Hydraulic control means for [action] cargo handling reads the opening command value corresponding to the fork height position of the fork at that time with respect to the operation amount of the operation means when the from the storage means. Based on the opening command value read from the storage unit, the loading hydraulic control unit controls the opening of the control valve to control the expansion and contraction of the tilt cylinder, and performs the tilting operation of the fork.

Further, the loading hydraulic control means reads from the storage means an opening command value corresponding to the current lifting position and the load of the loading with respect to the operation amount of the operating means at that time.
Based on the opening command value read from the storage unit, the cargo handling hydraulic control unit controls the opening of the control valve to control the expansion and contraction of the tilt cylinder and the tilt control of the fork.

[0018]

DETAILED DESCRIPTION OF THE PREFERRED EMBODIMENTS An embodiment of the tilt control of a tilt cylinder in a forklift will be described below with reference to FIGS.

As shown in FIG. 1, the forklift is provided with a lift lever 1 in the driver's seat. And
The operation direction and operation angle θ of the lift lever 1 are detected by a lever operation amount detection sensor (for example, a potentiometer) 2 and output to a controller 3 as a hydraulic control unit for cargo handling.
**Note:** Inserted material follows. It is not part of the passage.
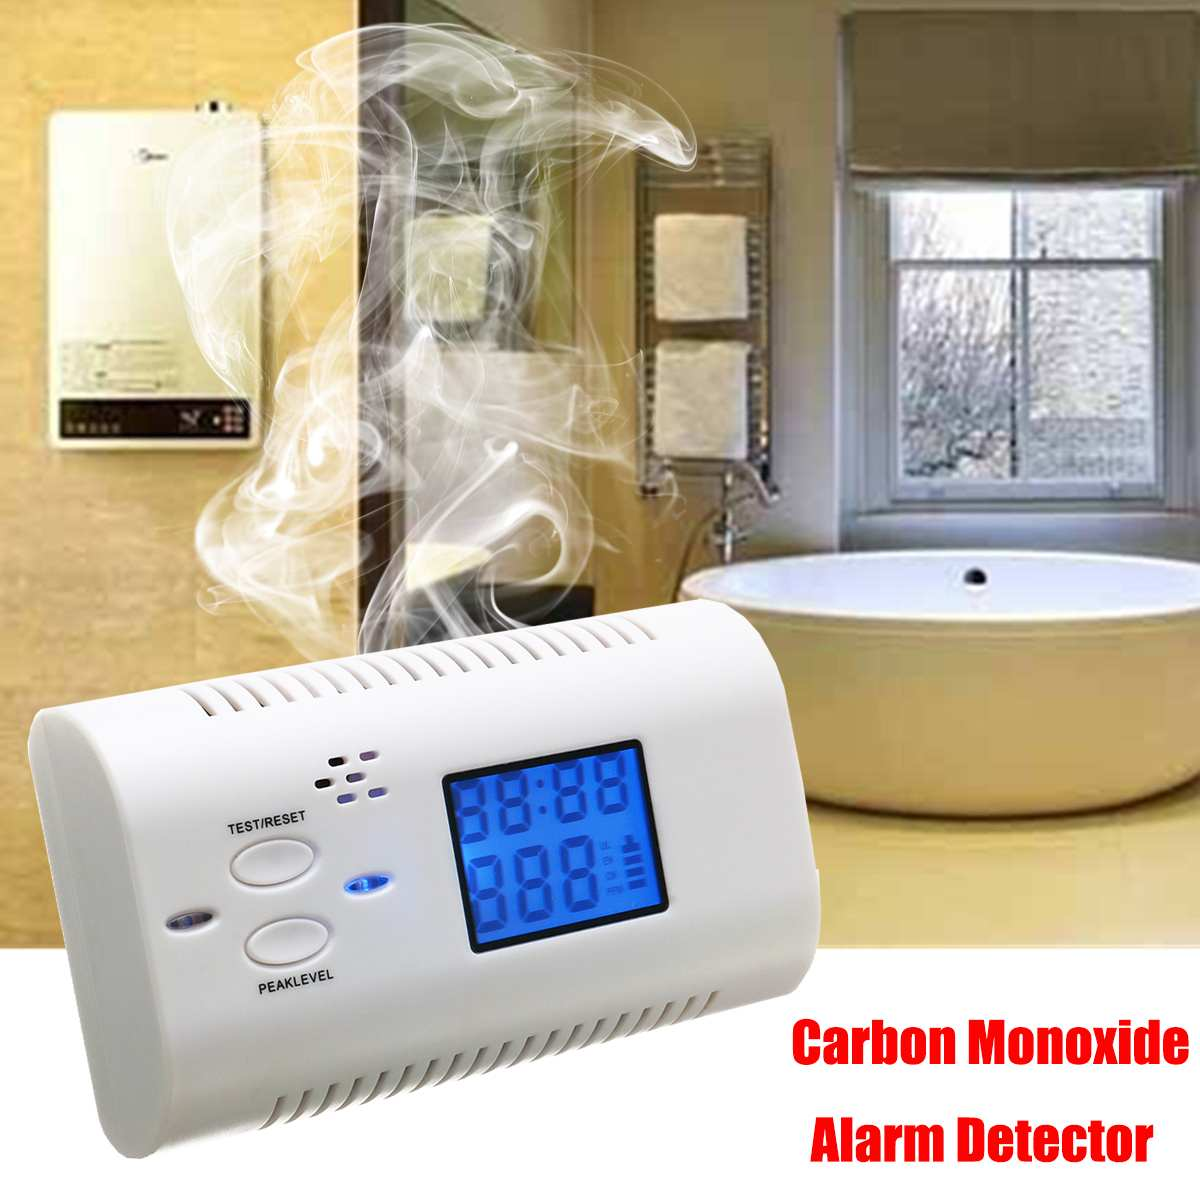 Security Alarm Voice Carbon Monoxide Detector LCD Display Poisoning Gas Alarm Sensor Co Detector 9V Battery For Home Kitchen

The opening of the control valve 4 is controlled by the controller 3 to adjust the flow rate of the hydraulic oil. The adjusted hydraulic oil is supplied to a lift cylinder 6 provided on the mast 5, and the lift cylinder 6 is controlled to move up and down. The lifting / lowering control of the lift cylinder 6 controls the lifting / lowering speed of the fork 7.

The forklift is provided with a tilt lever 8 at the driver's seat. Then, the operation direction and operation angle (operation amount) θ of the tilt lever 8 are detected by a lever operation amount detection sensor (for example, a potentiometer) 9 as operation amount detection means and output to the controller 3. The opening of the control valve 10 is controlled by the controller 3 to adjust the flow rate of the hydraulic oil. The adjusted hydraulic oil is supplied to the tilt cylinder 11, and the mast 5 is tilt-controlled. The tilting speed of the fork 7 is controlled by the tilting control of the mast 5.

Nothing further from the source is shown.